Zeytinliğin Sessiz Nöbeti

2

Türkiye Büyük Millet Meclisi’nin hemen yanı başında, Cemal Süreya Parkı günlerdir alışılmadık bir kalabalığa ev sahipliği yapıyor. Parkta geceyi geçirenler, slogan atmıyor, dikkat çekici bir eylem dili kullanmıyor. Onlar, toprağını ve zeytinliğini savunmaya gelen köylüler. Muğla başta olmak üzere ülkenin dört bir yanından gelen yurttaşlar, meclis gündemine alınan torba yasa teklifine karşı seslerini duyurmaya çalışıyor. Söz konusu yasa teklifi, zeytinlik alanları maden işletmeciliğine açmayı öngörüyor. Birkaç teknik düzenlemenin satır aralarına sıkıştırılan bu değişiklik, yalnızca tarım değil, bir yaşam biçimi için de alarm niteliği taşıyor. Türkiye’nin Ege ve Akdeniz kuşağında yüzlerce yıldır süregelen zeytincilik kültürü, bu yasa geçerse geri dönüşsüz biçimde zarar görecek.
Köylüler bu tehdidi görüyor. “Toprağımızı maden var diye talan edecekler” diyen bir Milaslı kadın hemşehrimiz, sadece ekonomik bir kaybı değil, yerinden edilmeyi, köylerinin boşalmasını, geleneklerinin silinmesini anlatıyor. Devamında şu cümle geliyor: “40 köyü yok edecekler. Türkiye’yi yok edecekler. Ege, turizm, zeytin, bal, bahçe, incir, meyve olmazsa Türkiye olmaz.” İfade etmek gerekir, bu sözlerde abartı değil, haklı bir kaygıyı içeriyor. Zeytin başta olmak üzere sayılan ürünlerin her biri, bu ülkenin hem ekonomik hem kültürel omurgasında yer alıyor.
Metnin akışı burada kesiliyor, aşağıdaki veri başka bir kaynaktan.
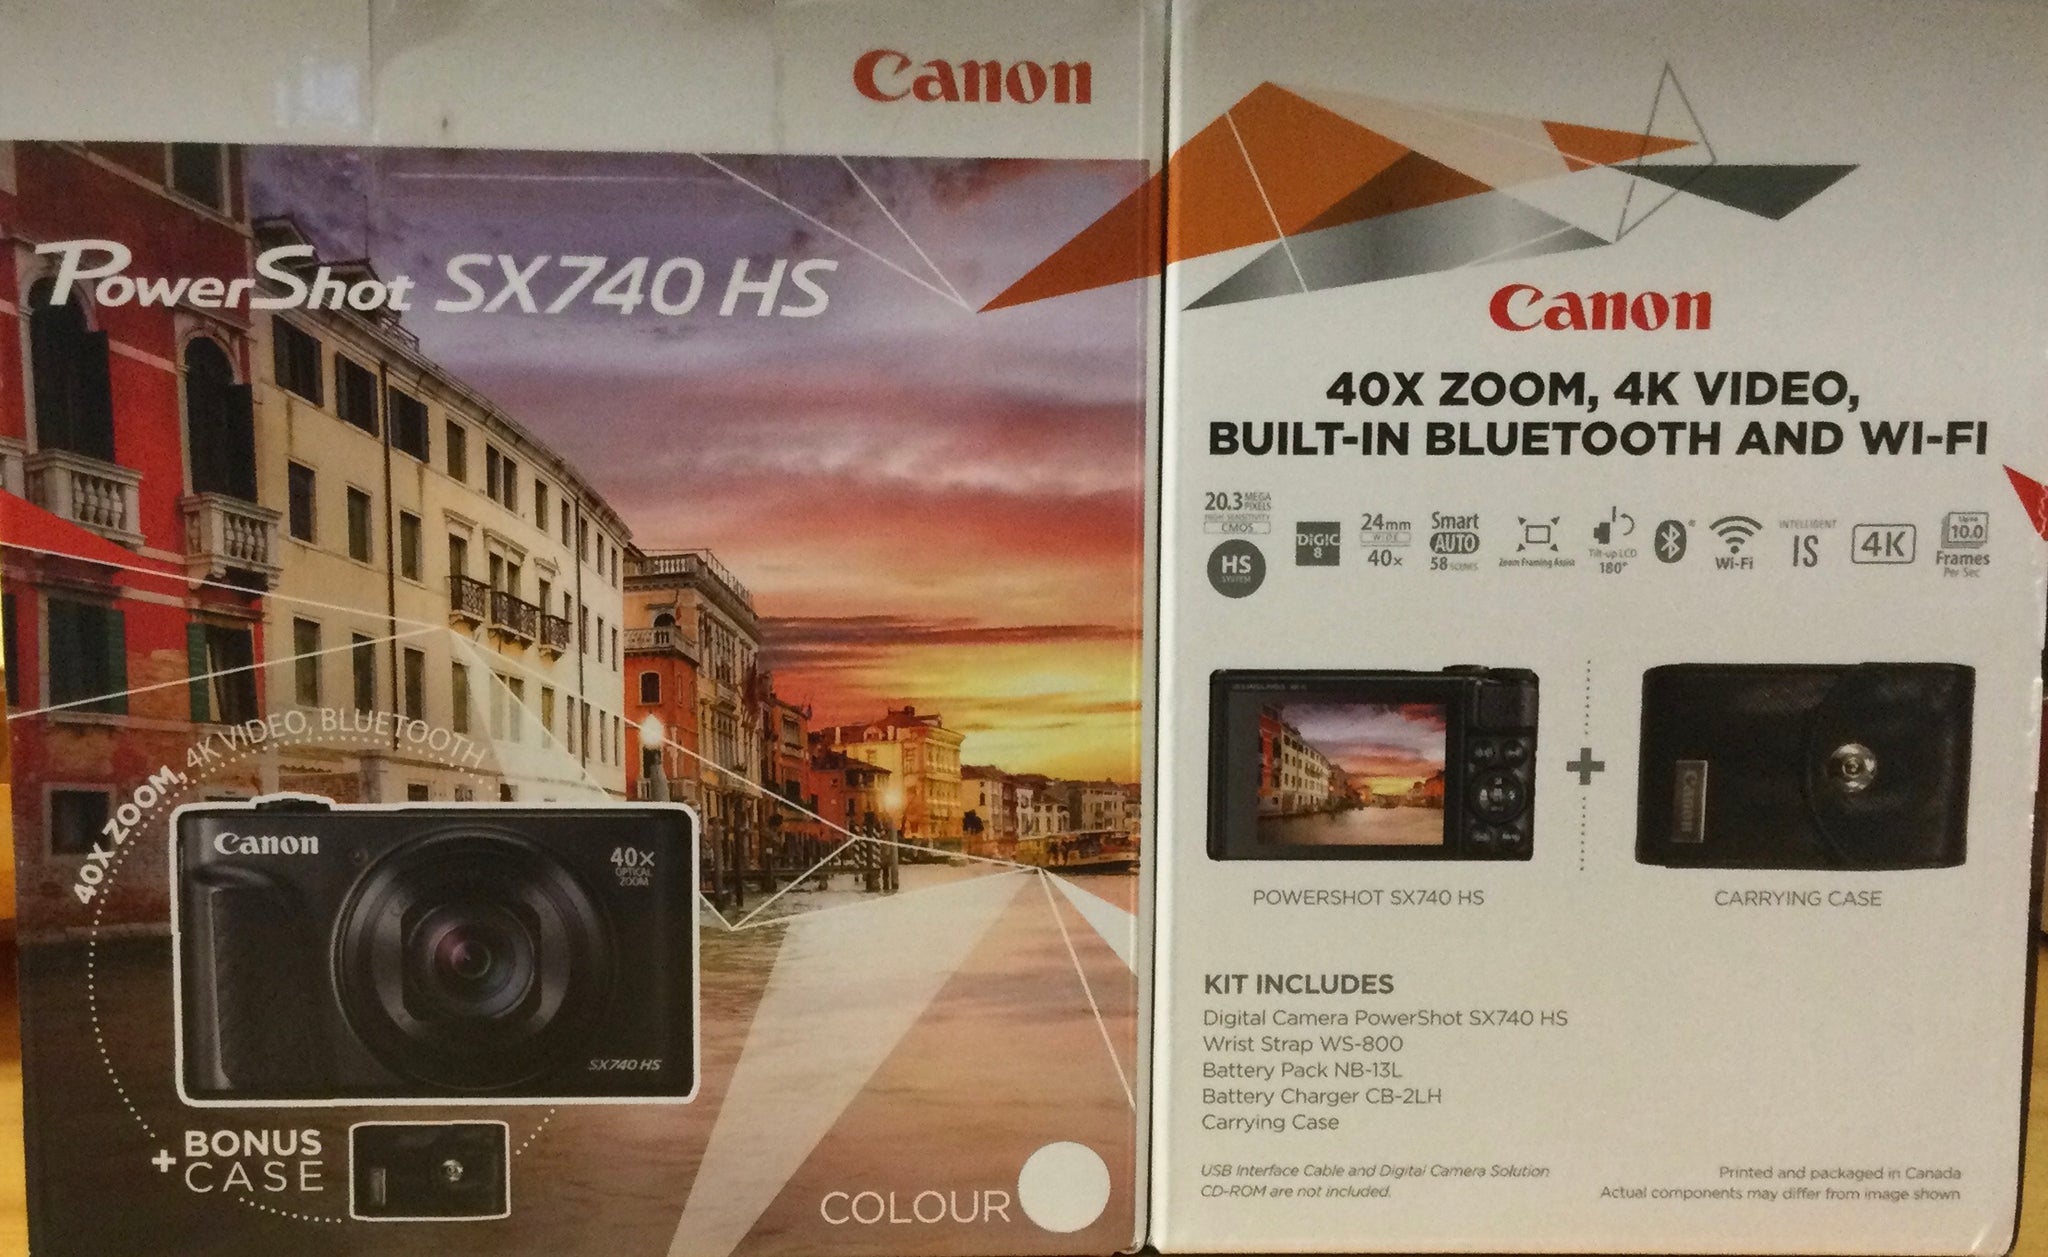 Canon PowerShop SX740 HS camera

Günlerdir gündüzünü gecesini Cemal Süreya Parkı’nda geçiren yurttaşların çoğu kadınlardan oluşuyor. Yaşamı boyunca bağında, bahçesinde, zeytinliğinde olan, Ankara’nın yolunu bilmeyen bu kadınlar şimdi zeytinlikler ve ormanlar üzerinden sürdürülen mücadelede en öndeler. Hem doğaya hem hayata dair bilgileriyle, bu süreci yalnızca ‘karşı çıkmak’la sınırlı olmayan bir farkındalıkla yürütüyorlar. Bu kadınlara ülkenin her yerinden, ötesinde yurt dışından destek yağıyor.
Bir değişiklik olmazsa (!) zeytincilik yasası Salı günü (yarın) mecliste görüşülecek. Yasa teklifinin meclis gündemine alınmasıyla birlikte CHP’ye de çağrı yapıldı. Milas basınından ve çevreci gruplardan gelen bu çağrıda, CHP’ye açık bir davet yapıldı. İl başkanları, ilçe örgütleri, belediye başkanları, belediye meclis üyelerinin, kent konseylerinin meclise gelmeleri, zeytinliklerin yanında durmaları çağrısı yapıldı.
Daha öncede birkaç yazıda ifade ettik. Torba yasa ile yaşanan süreçte asıl mesele, Türkiye’nin kalkınma modeli ile ilgili. Ortada bir tercih sorunu var ve soru şu: Madencilikten kısa vadeli gelir beklentisiyle mi devam edilecek, yoksa doğayla uyumlu bir üretim biçimini mi koruyacak? Bu soru artık yalnızca çevrecilerin ya da köylülerin meselesi değil; toplumun tüm kesimlerini ilgilendiren bir yönetsel tercih haline gelmiş durumda.
Bugün zeytinliklerin sessiz nöbetinde olanlar, yalnızca kendi toprakları için değil, gelecekte yaşanabilir bir ülke isteyen herkes için oradalar. Onların sessizliği, aslında yüksek sesle sorulmuş bir sorudur: “Bir ülke, kendi ağacını, kendi toprağını, kendi belleğini göz göre göre terk edebilir mi?” Bu sorunun yanıtı, torba yasa Meclis’ten geçerken yalnızca milletvekillerinin oylamasında değil, hepimizin vicdanında şekillenecek.